Home UpShanghai: Shikumen to Xintiandi

Don't be put off by this esoteric-sounding names, which translate as "stone gate door" and "new heaven and earth." We're looking first at the quintessential housing type of the Chinese middle-classes during the period of the European concessions in Shanghai and, second, at a current attempt to renovate those houses and put them to new uses.

By accident, we've landed in a neighborhood just south of Hong Kong Plaza. It's laid out in massive blocks penetrated by a rectangular network of alleys. Looks like barrack-style slums.

First impression: could this be worker's housing in a socialist paradise?

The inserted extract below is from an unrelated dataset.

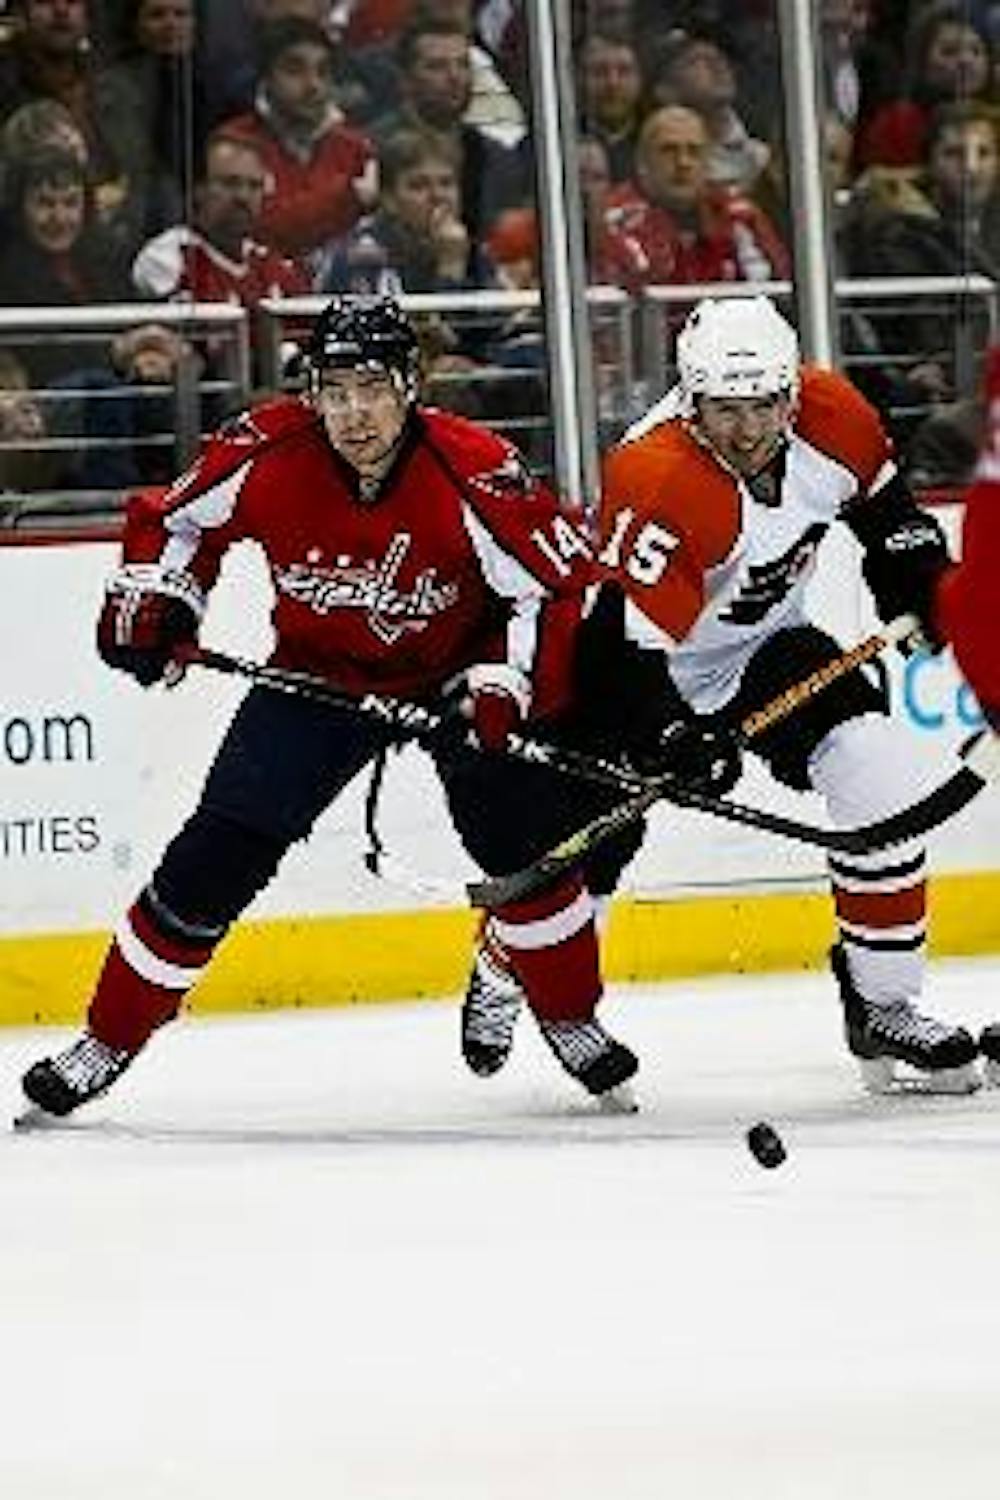 CHASING DOWN A WIN - Washington Capitals forward Tomas Fleischmann races for the puck during a Capitals home game against the Philadelphia Flyers earlier in the season. The Capitals came from behind to beat the Flyers several times this year and hope to d

The short answer is no; it's the work of the same big European firms—Jardine, Sassoon, Hardoon—who built the Bund and Shanghai's European monuments. Their customers in this case, however, were Chinese families fearful of civil unrest (the Taiping rebellion was a fresh memory for many). The safest place was in the European concessions. The French one, granted in 1849, began in a narrow strip north of the Chinese city and including the southern section of the Bund. It was extended west in 1900 and then dramatically so in 1914, by which time it was perhaps four times the size of the Chinese city. North of the French Concession was the International Settlement, a fusion of a British settlement along the northern Bund and an American one to its north and beyond Suzhou Creek. The amalgamation took place in 1863, and the combined settlement was enlarged in 1899, by which time it was larger than the French concession at its maximum. In modern parlance, there was a lot of prime development property here.

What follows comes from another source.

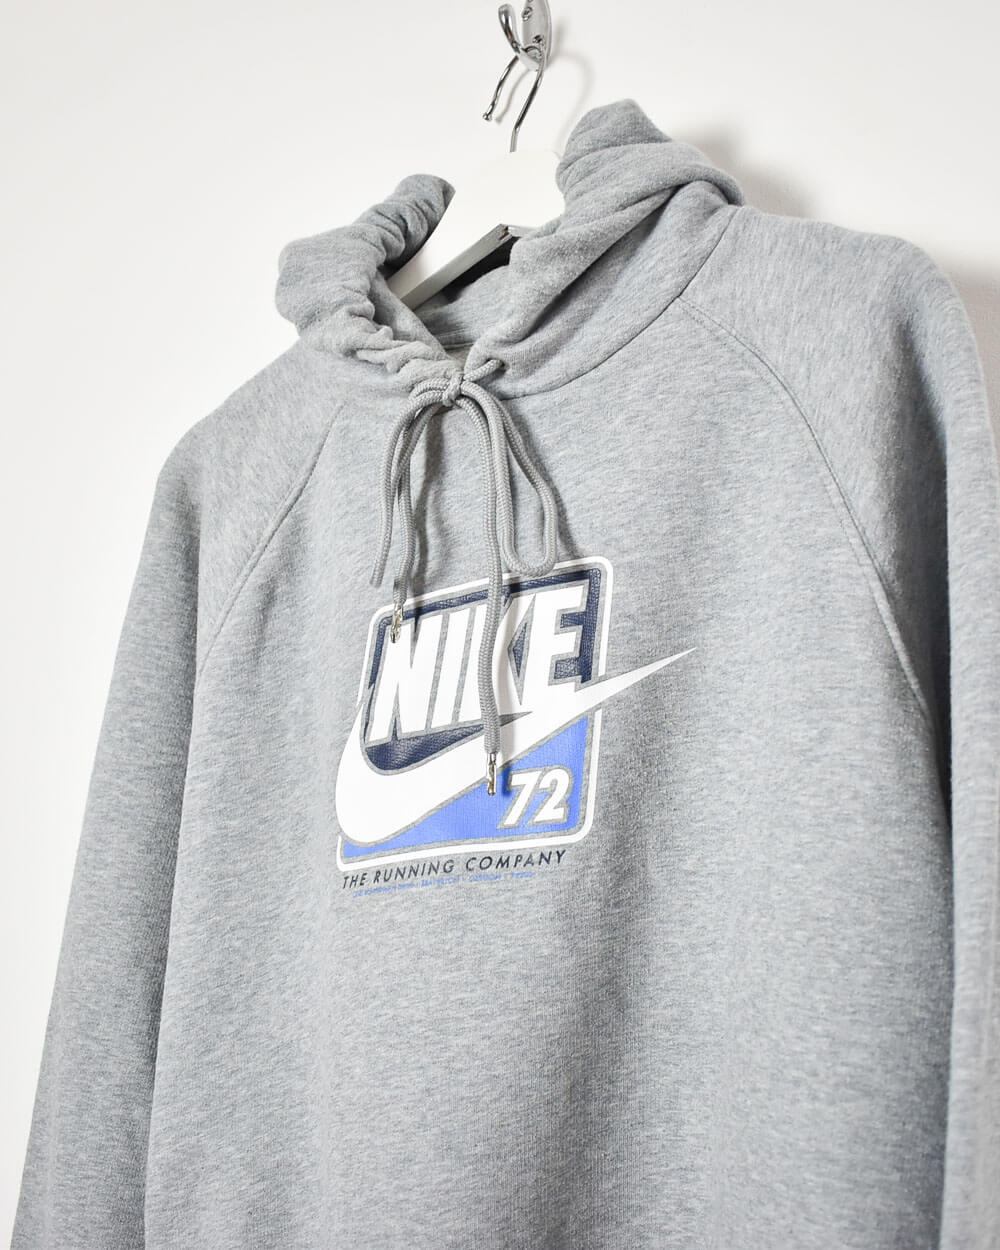 Nike 72 The Running Company Hoodie - Medium - Domno Vintage 90s, 80s, 00s Retro and Vintage Clothing

The logic was to make as much money as possible, as fast as possible. Blocks were laid out, with shops around the perimeter and with stone-framed gates (shikumen) leading to gated alleys like this one. Houses varied in size but were typically three or five bays wide, with a miniscule courtyard.

A bit of greenery makes them a lot more presentable.

Here's one in good shape, displaying a form so embedded in Shanghai that it has been said that without them there would be no Shanghai and no Shanghainese. A few years ago, this one was derelict, with Party slogans on the wall. Now it's a museum. Here, an upstairs office.

Upstairs bedroom.

A view of the courtyard—a nod to Chinese tradition—and wing rooms.

See Chunlan Zhao's "From *shikumen *to new-style: a rereading of *lilong *housing in modern Shanghai," Journal of Architecture, Spring 2004. Lilong is a broad term, composed of two words, the first meaning neighborhood and the second meaning a street; the idea of the "neighborhood street" conjures up the kind of crowded residential alleys that Jane Jacobs would love. Zhao contrasts the classic shikumen with germinal forms and with later, 20th century ones lacking the alley entrance gate and perimeter shophouses.

And here we slide over to Xintiandi, the "New Heaven and Earth" redevelopment project of Hong Kong's Shui An group, financed by Vincent Lo. Two blocks of shikumen have been converted into what an American developer would call festive retail. The result, comparable to many renovations in the United States, preserves the historic facade but completely reorganizes the interior space, to the extent of relocating load-bearing walls.

In high irony, on July 23, 1932, the First National Congress of the Communist Part of China met in a *shikumen *that now adjoins Xiantiandi. There's also room here for an exclusive club.

We should drive up in our Rolls.

Juxtaposition: Xintiandi and the New World Tower.